I don't think those powerhungry air scrubbers are still online all the time.

And I surely hope that the Cold War independent energy source (probably a small nuclear reactor) was removed, so cutting power should simply work. As soon as the batteries drain, end of story.

But note that the whole SWAT story seems to have Cyberbunker as only source in the linked articles. I wouldn't take their (spamming ddosers they are) word for it.

The whole article regurgitates the vibe that CB wants to spin, it is not a factual description of reality. The main NATO HQ on Dutch soil used to be the Cannerberg (which could house government and parlement), while the said location afaik is only a minor relay station, and the spin seems to borrow facts from more major bases.

Re:Watch your clauses, people!

[omnichad]

Just a badly written article. The attack was a spoofed attack on DNS root servers (I think - badly written article) that reflected back toward Spamhaus. This would cause disruptions to DNS and to Spamhaus. By extension, the huge amount of traffic seems to be slowing down just about everything.

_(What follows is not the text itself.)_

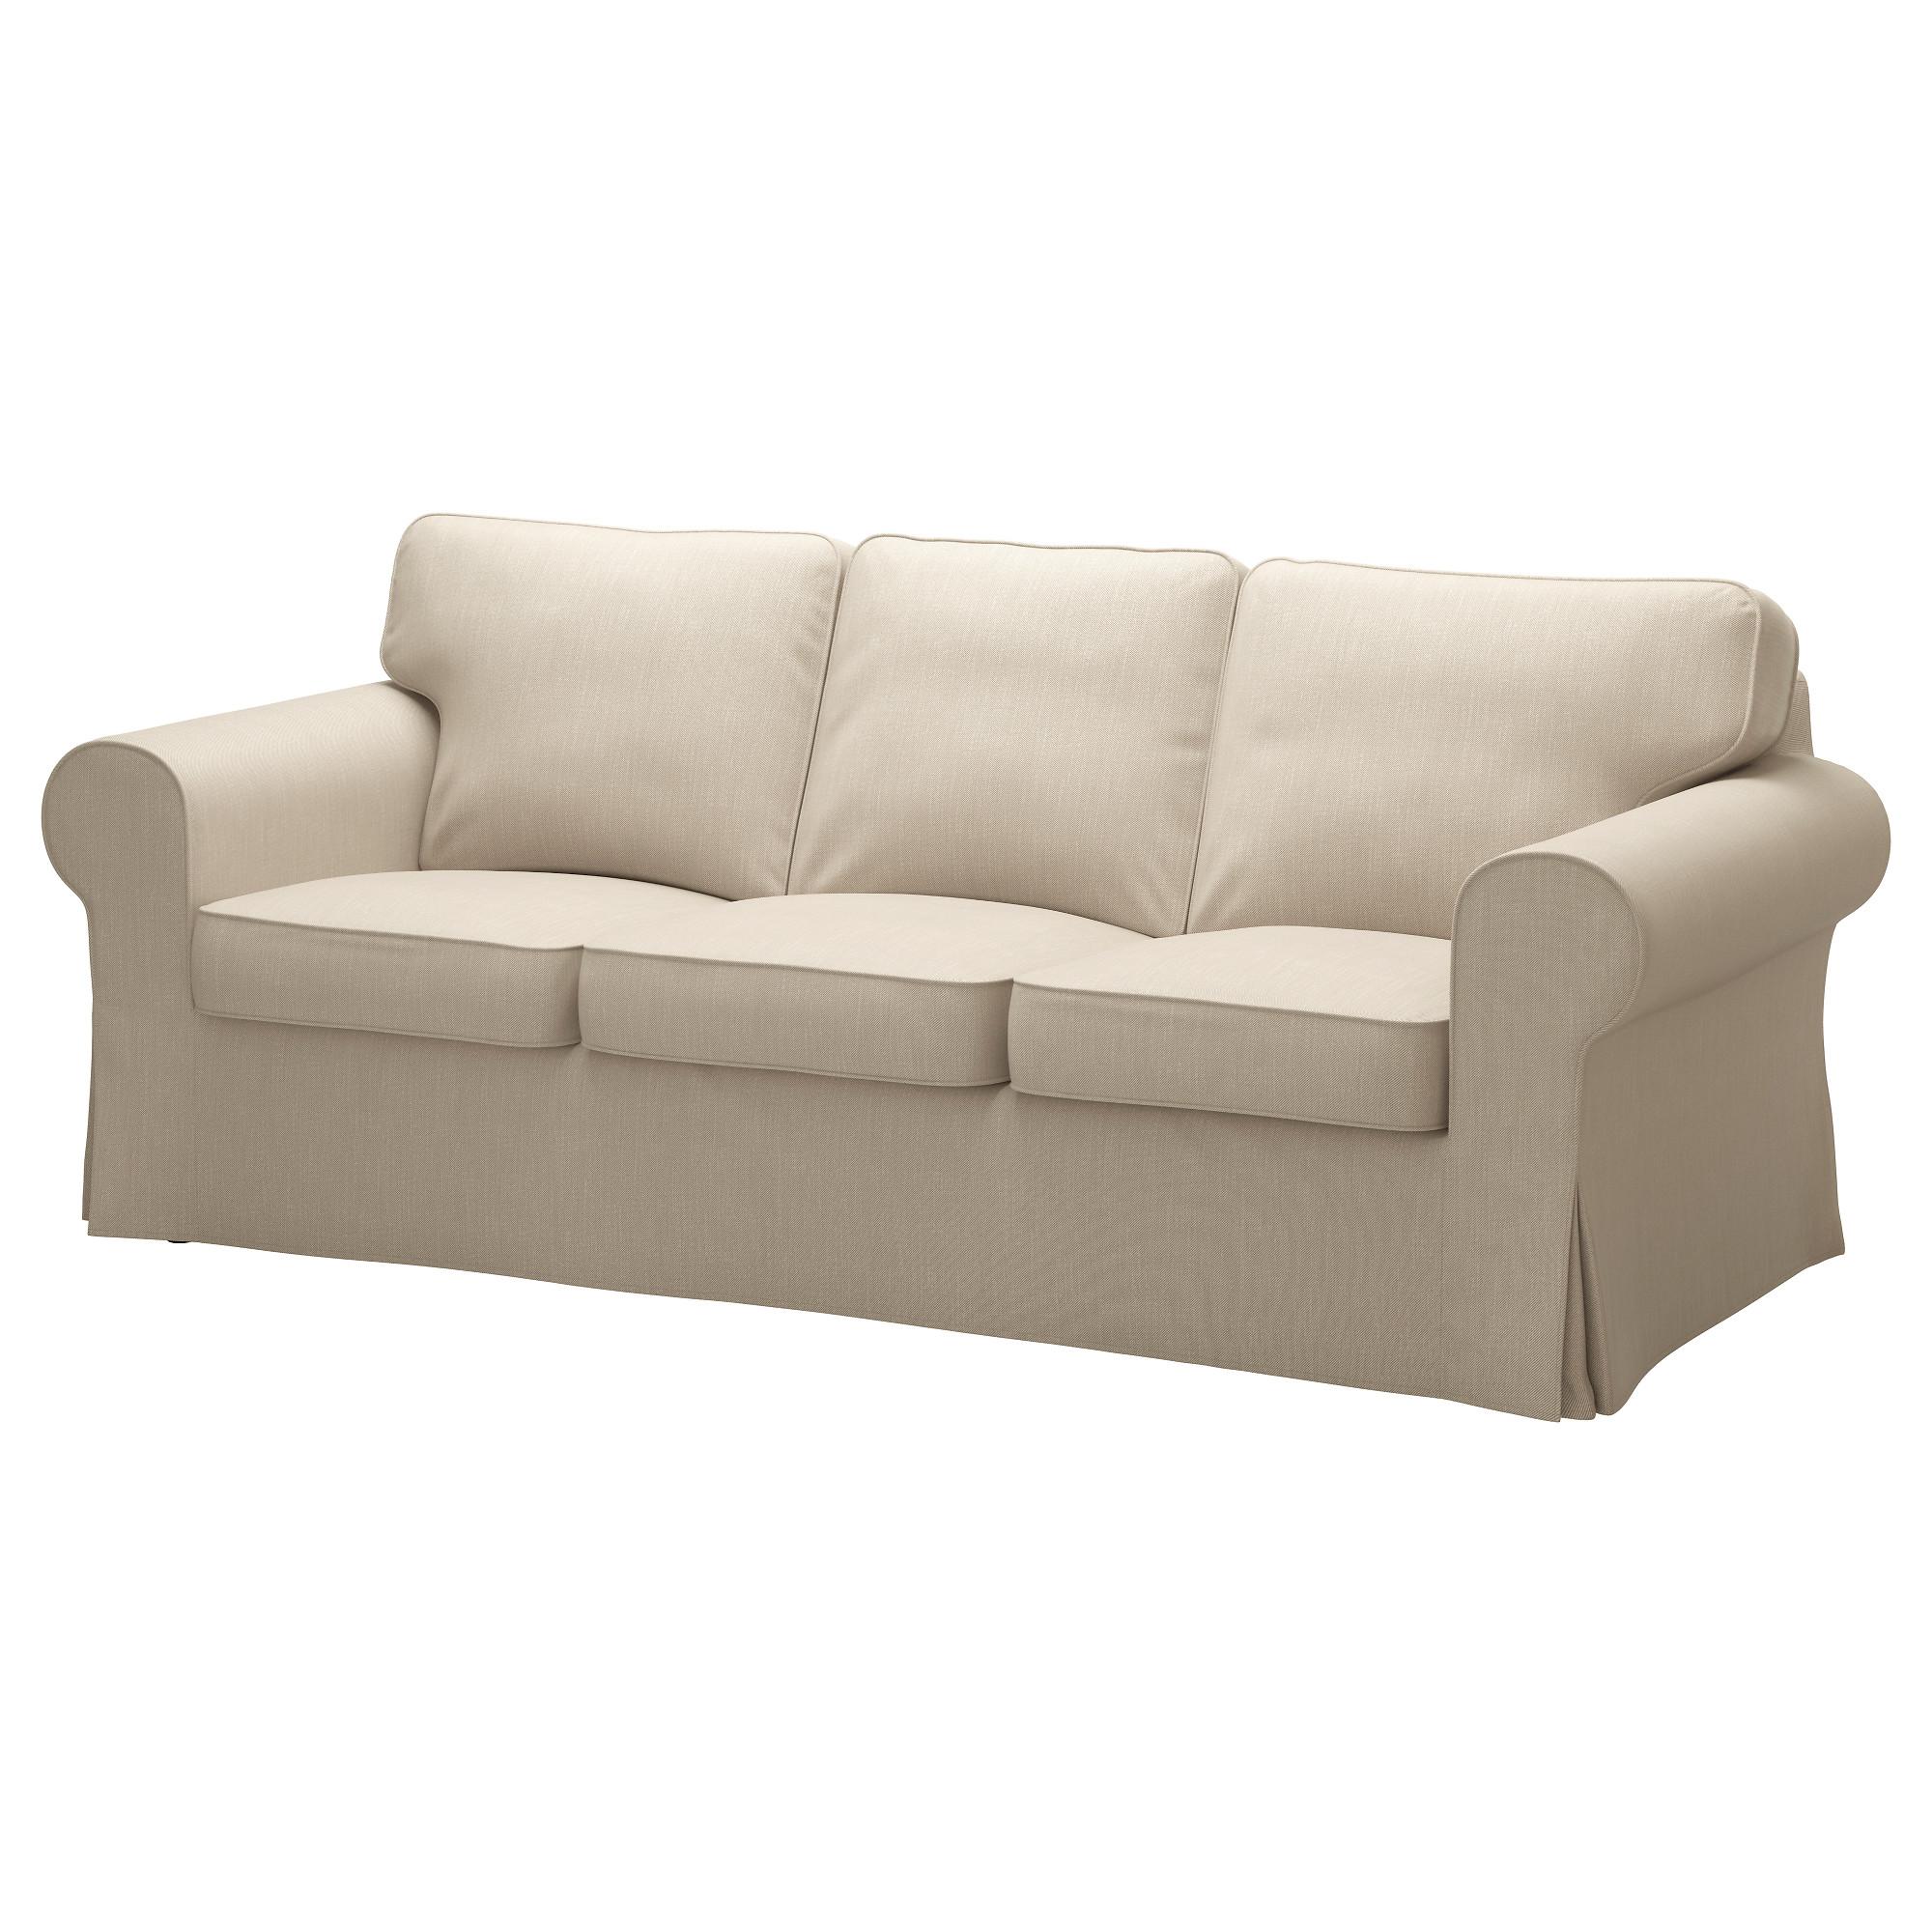 ektorp sofa - lofallet beige - ikea AVZXDJO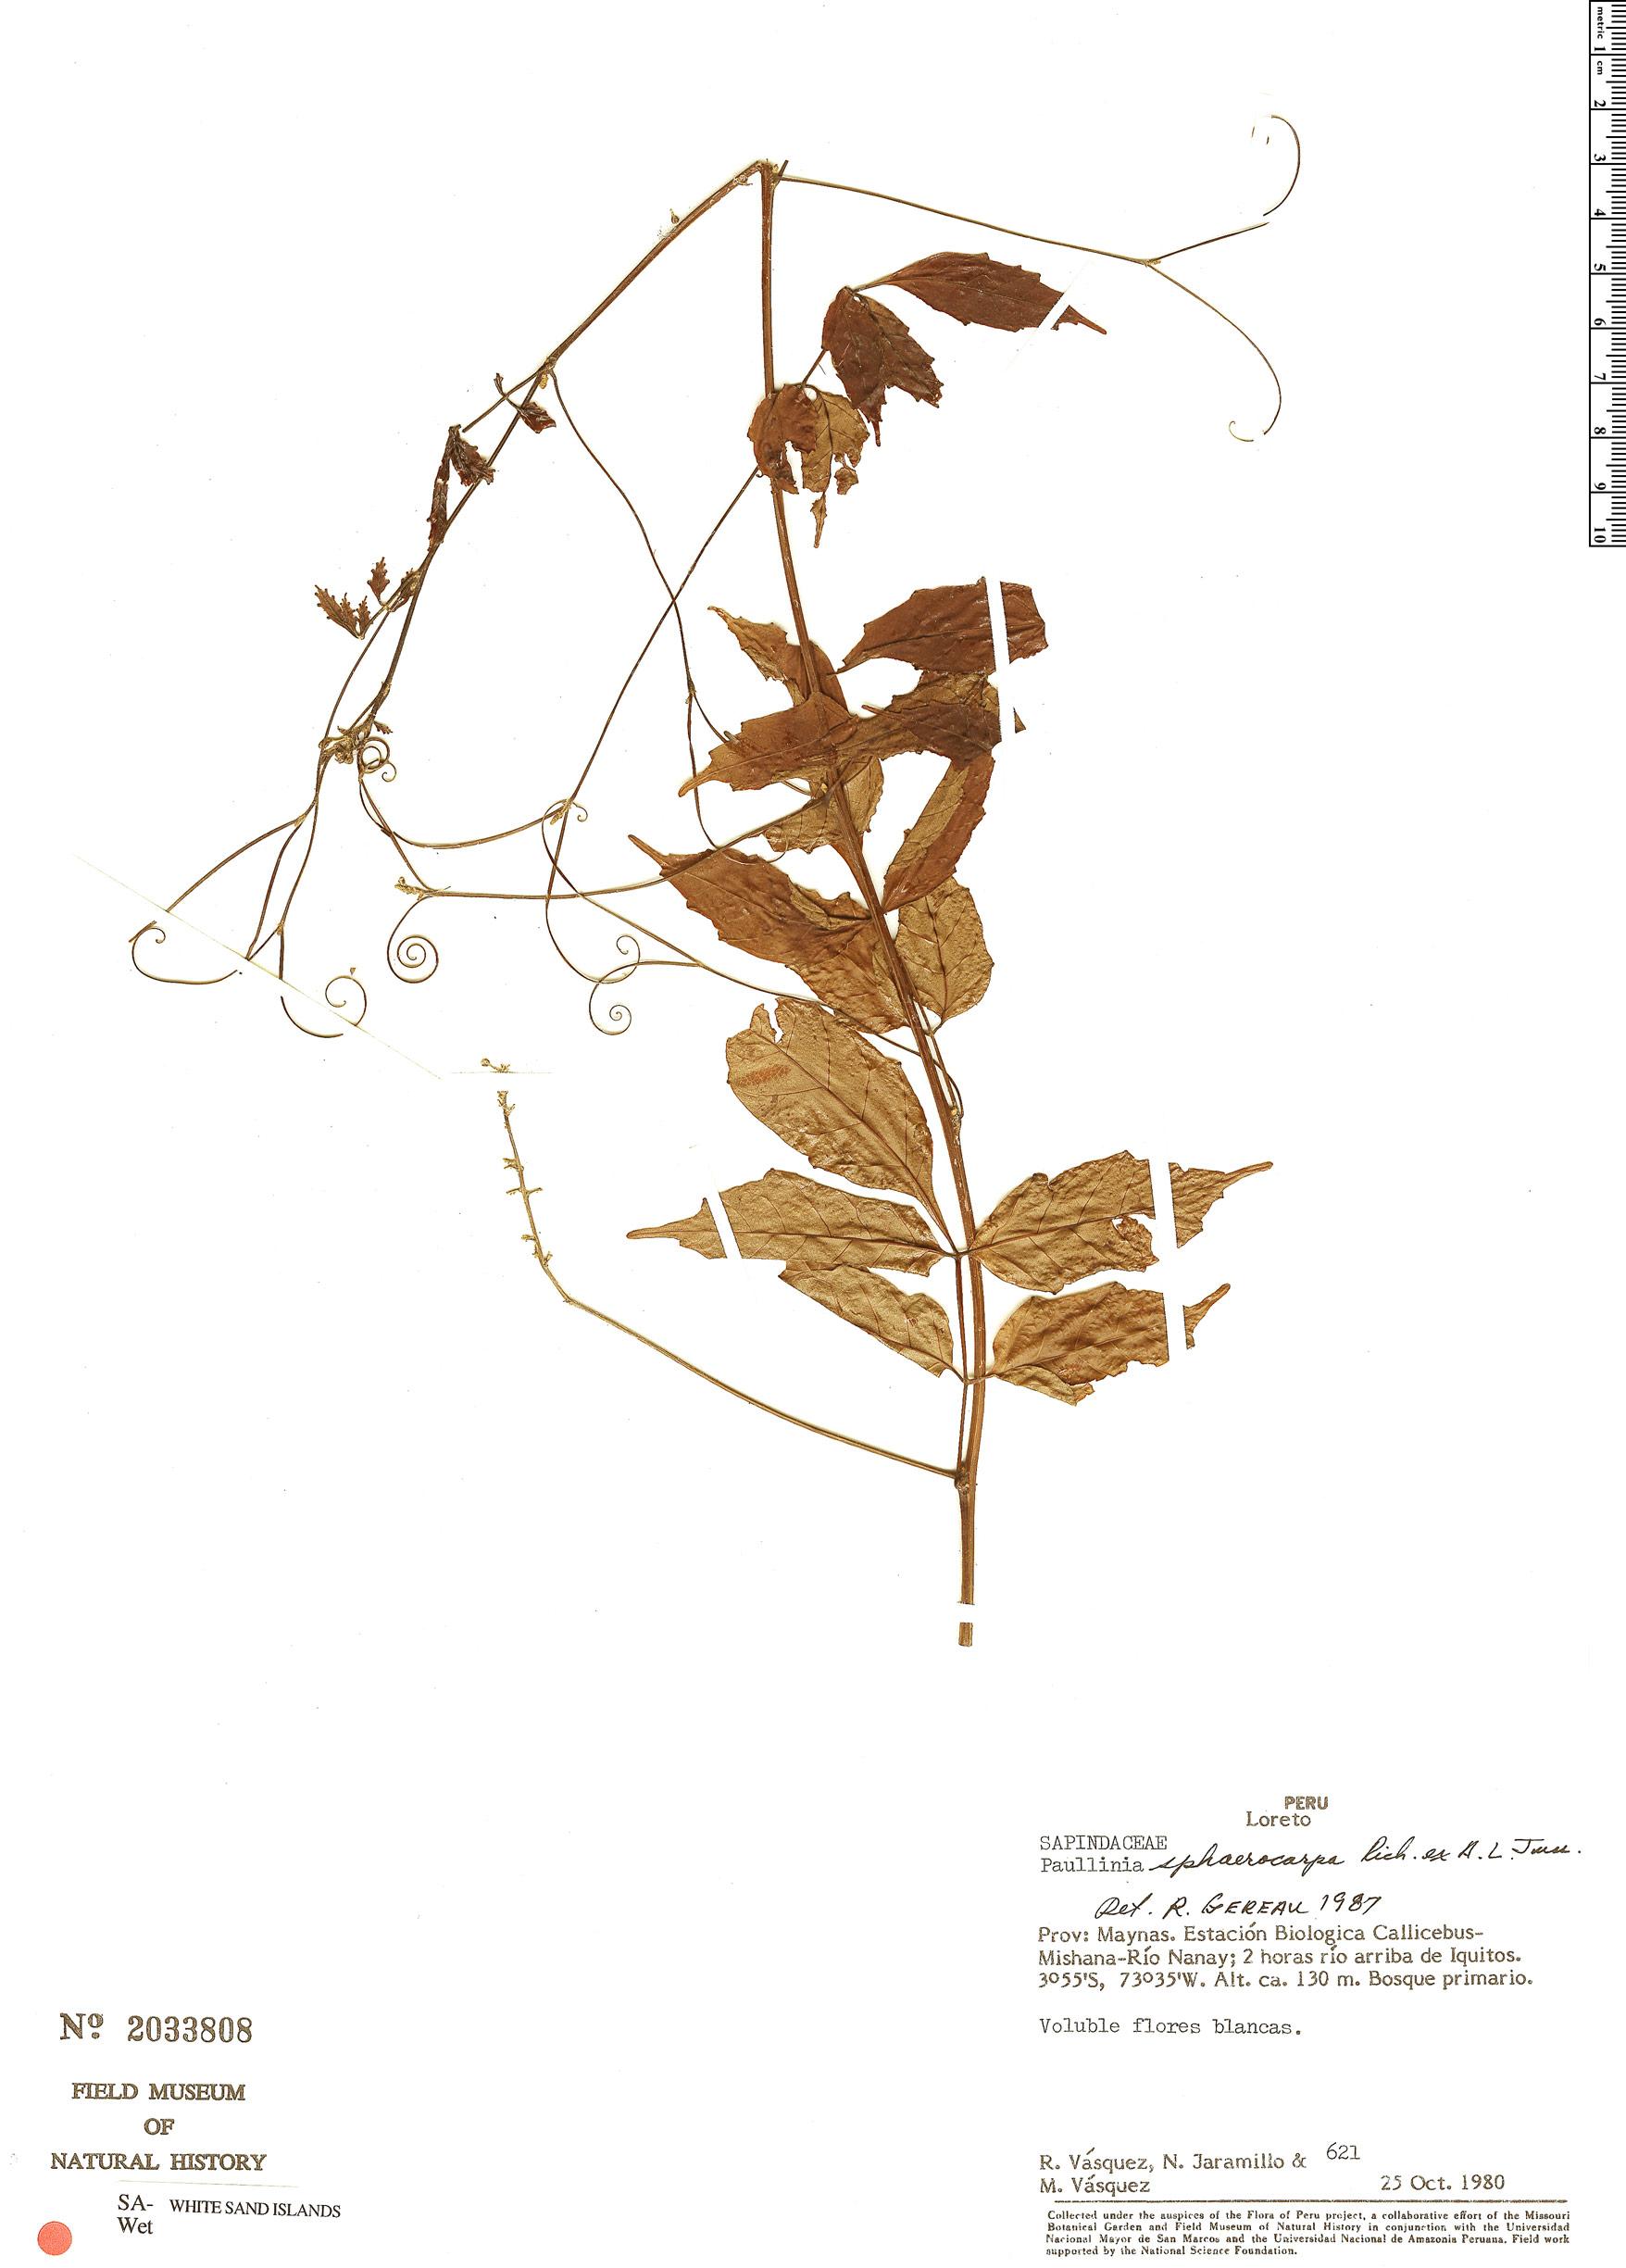 Specimen: Paullinia sphaerocarpa

Don't know when this started, but I was watching Netflix on Monday and got 2 dots instead of my usual 4 and I'm in the Midwest US.

Re:Bunker

[EasyTarget]

You have obviously never seen the ME in operation; I have, it was not pretty. I especially liked the skill with which on of the mounted leant really low in the saddle to beat his stick on the heads of two women treating an unconscious man.